As a filmmaker, I tell stories, and I believe deeply that stories are powerful. But alongside storytelling, we need to be working to create safe, inclusive spaces for people of all genders—in our schools, communities, and institutions.
Was there a scene where it was almost too painful or personal for the family and they wanted you to stop filming for awhile?
There were definitely times with Suzy where she’d say, “that’s enough, I need some private time.” It wasn’t always in the middle of something difficult; it was mostly that she had a cap as to how long I could subject her to filming.
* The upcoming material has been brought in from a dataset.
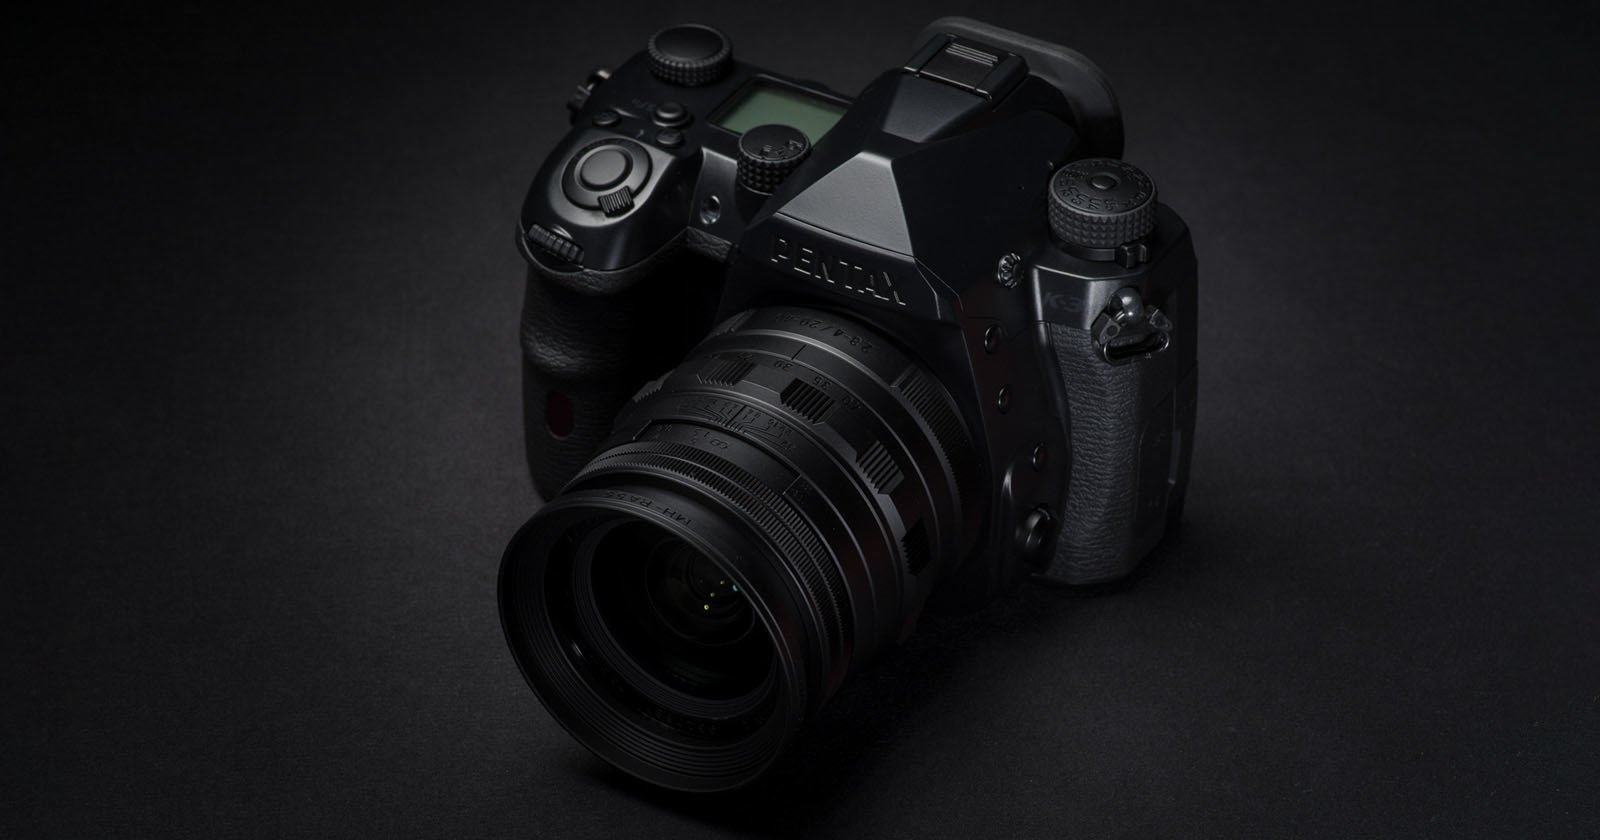 The Pentax K-3 III Jet Black Special Edition is Now Available in the U.S.

But in general, I am so grateful to everyone who believed in [the film] enough to allow me in, even at times that were difficult.
What didn’t make the cut?
A moment of connection between Bennett’s mom, Suzy, and Bennett’s mentor, Joe. After a benefit concert where Joe and his band raise money for Bennett’s top surgery (and Suzy is still debating whether she’ll travel across the country to take care of Bennett while he recovers), Suzy thanks Joe for “stepping in” to support her son when she couldn’t. I remember getting goosebumps in that moment of filming, knowing something was about to shift for Suzy. And it did — in real life and in the film. The film still flows without this scene, but I wish we’d been able to include it in the final [broadcast] cut.